Increased sex drive is another side effect. Also your body starts to tune itself in and out of what foods and substances it will and won’t tolerate.
We’re all developing aversions to foods and products we never had issues with before because the pendulum works on magnetism.
It draws out the toxins surrounding your energy field it seems.
We’re suffering from less bouts of depression. As Empaths it’s inevitable we are going to have down days but they can last for a week or more if we aren’t careful.
It hurts to love, it really does. Being Empath sucks on the down days.
But they’re lasting maybe at most 3 days now instead of 8-12 days.
When one of us is having a down day the others naturally surround the other without request or provocation like the juicy individual bubbles in a raspberry hugging the stem. It’s remarkable to watch.
My seniors are all now time jumping. It’s a side effect. Because they tuned into me they’re developing my gifts. It’s symbiosis in effect.
It’s taken nearly 3yrs but I’m happy enough now that I’m closing the large file and opening a new one in the neurological field.
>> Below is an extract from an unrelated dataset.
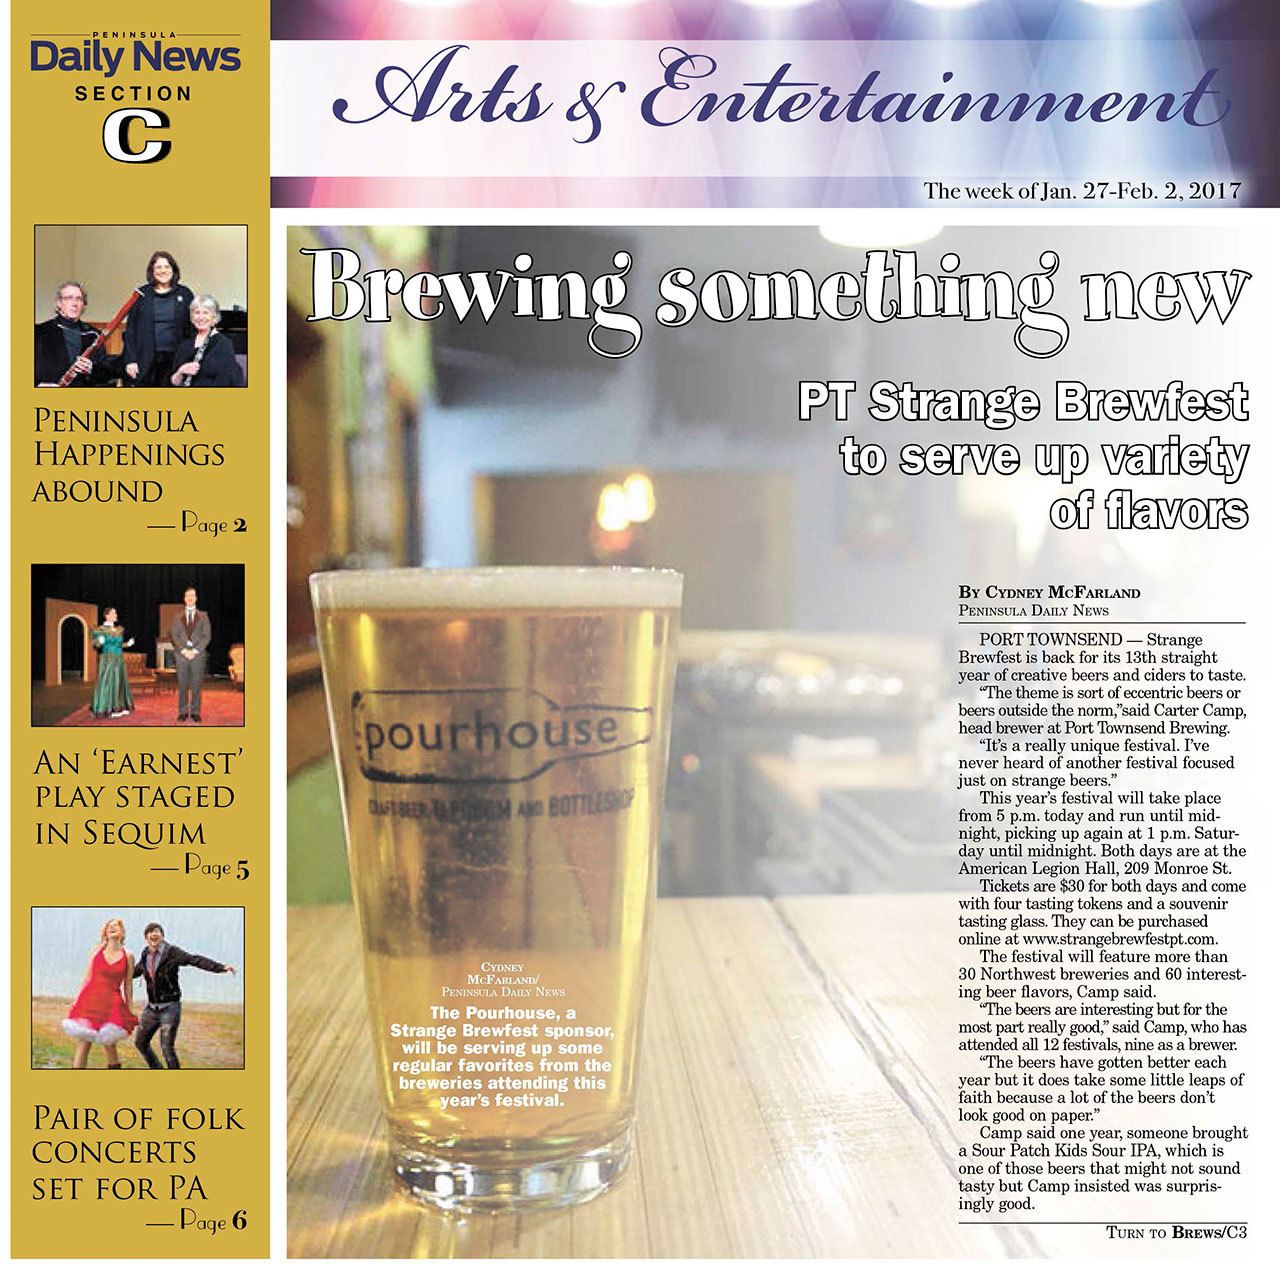 You spoke, we listened: Peninsula Daily News rolls out new Arts & Entertainment section

I want to see if it can help dementia patients. I had compiled a list of 50 questions based on diet, lifestyle, career, habits,relationship’s and background to ask.
Then I’d have a list of requirements they’d need to follow as well as daily exercises using my techniques I developed. Then I’d observe over the 12 month period and compare it to other sufferers not in the study.
Take it from there. I’m fascinated by the Ghost Memories they suffer.
So that’s my plan. I’m going to show the world or whoever will listen what a Psychic really is.
It’s the Science not the ability and we’re supposed to use our gifts to help humanity.
That’s what I’m trying to do and I just have a couple of pieces missing to the giant loud mouth pendulum that is me and I’m gonna take everyone in the Paranormal industry on like Hooker wanting crack.
Nothing will stop me from achieving my objective.
Im done playing. It’s not funny what people are being led to believe and me exposing myself to you all here helped me gather the confidence, knowledge and army I needed to do it.
Writing is my pendulum. My gift is my needle. It pointed me in the direction of the people and places I needed to follow to find North and it never failed.
It got me who and what I needed. Synchronicity is huge in pendulum work too. It’s also a side effect.
I really should publish a book. I’d help so many people and put so many Psychics, Mediums, New Age Practitioners and Paranormal Investigators out of business. The disingenuous ones I mean. They aren’t all bad just misinformed.
But mostly they are bad people so Yaaaaaaay.
Theresa Caputo, Sally Morgan, Chip Coffee, Hollywood Medium, etc …..ima comin!